To scrape these sites without fragile selector paths, we utilize JSON-LD (JavaScript Object Notation for Linked Data).
Google, Bing, and other search engines require e-commerce stores to embed structured metadata within their HTML. This metadata allows Google to display product ratings, prices, and stock indicators directly in search results. The industry standard for this metadata is the JSON-LD schema, which is wrapped in a <script type="application/ld+json"> tag.
Because merchants must maintain correct JSON-LD schemas to keep their Google Search rankings, this data is incredibly stable and rarely changes.

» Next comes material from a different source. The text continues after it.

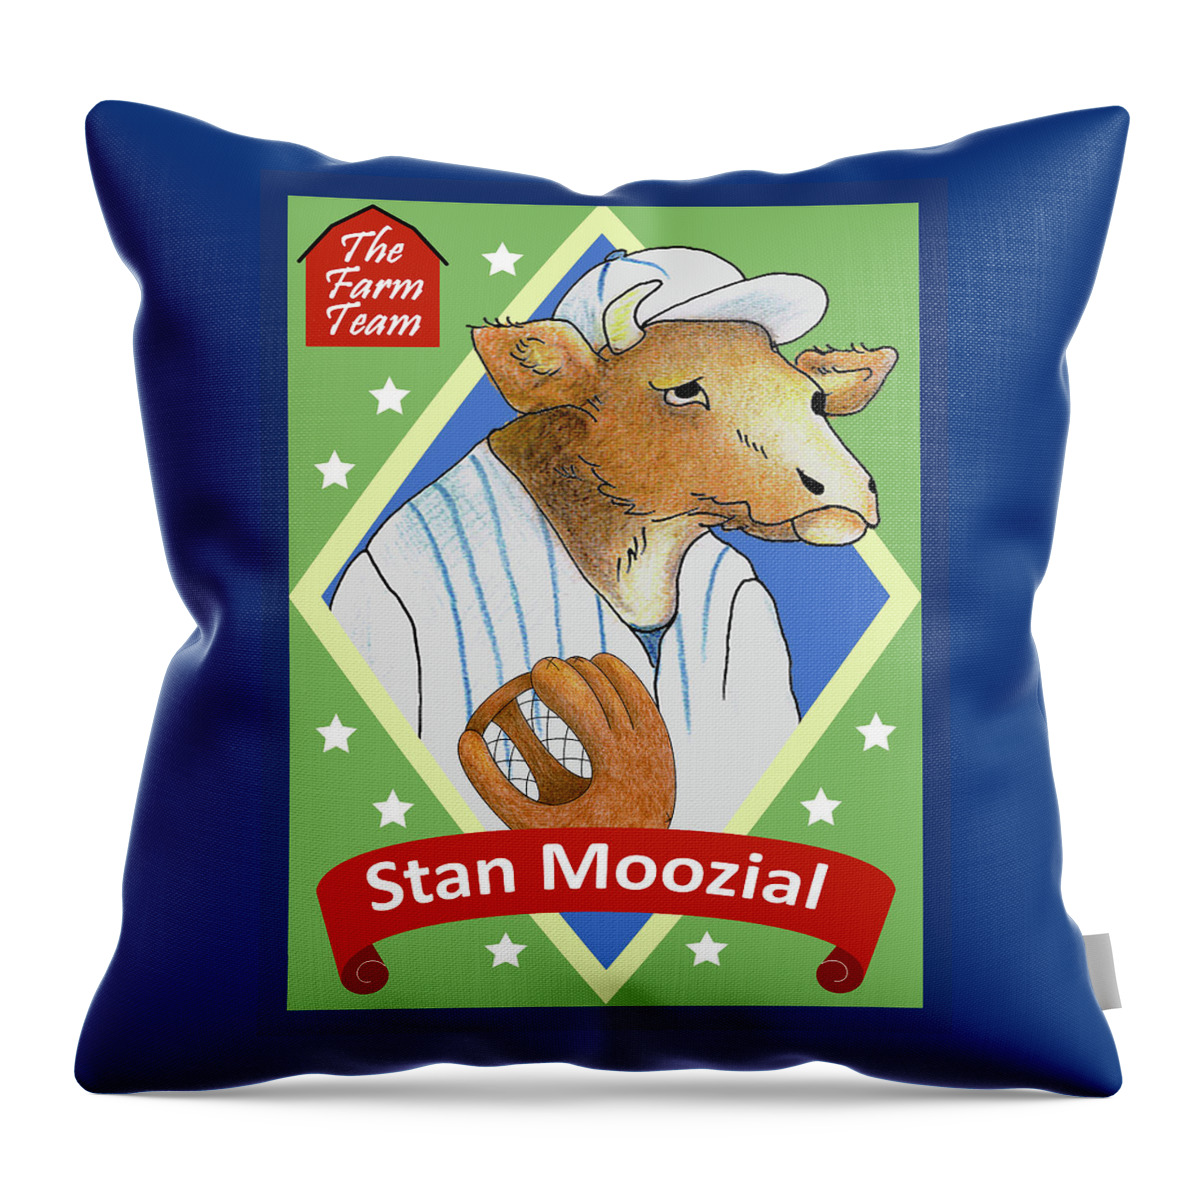 Baseball Throw Pillow featuring the digital art The Farm Team - Stan Moozial by Alison Stein

Below is a Python implementation of a JSON-LD parser that extracts e-commerce schemas using BeautifulSoup:
import json
from bs4 import BeautifulSoup
import requests
class JsonLdAdapter:
@staticmethod
def extract(url: str) -> dict | None:
headers = {
"User-Agent": "Mozilla/5.0 (Macintosh; Intel Mac OS X 10_15_7) AppleWebKit/537.36 (KHTML, like Gecko) Chrome/132.0.0.0 Safari/537.36"
}
try:
r = requests.get(url, headers=headers, timeout=8)
if r.status_code != 200:
return None
soup = BeautifulSoup(r.text, 'html.parser')
scripts = soup.find_all('script', type='application/ld+json')
for script in scripts:
try:
data = json.loads(script.string or '')
# Normalize both flat objects and @graph arrays
items = data if isinstance(data, list) else [data]
for item in items:
if item.get("@type") == "Product" or "Product" in str(item.get("@type")):
return item
# Traverse @graph if present
if "@graph" in item:
for sub_item in item["@graph"]:
if sub_item.get("@type") == "Product":
return sub_item
except (json.JSONDecodeError, TypeError):
continue
return None
except Exception:
return None
Pattern 3: Heuristics-Based LLM Fallback
If both the direct API lookup and JSON-LD extraction fail, the third and final line of defense is the LLM Fallback.
Some headless custom storefronts completely lack structured JSON-LD scripts and block API paths. In this case, we scrape the clean raw text of the HTML page, strip out redundant boilerplate (script blocks, styling tags, head headers), and pipe it into a lightweight LLM—such as claude-3-5-haiku—with a highly strict JSON system prompt.
While this pattern is highly resilient, it is also the slowest (1.5s latency vs 50ms) and the most expensive. It should be used exclusively as a fallback when deterministic adapters fail.
At wmcp.sh, we combine these three patterns in a unified dynamic router. By checking Shopify first and JSON-LD second, we handle 90% of requests deterministically at the edge, maintaining sub-100ms response times while falling back to Haiku ONLY when absolutely necessary.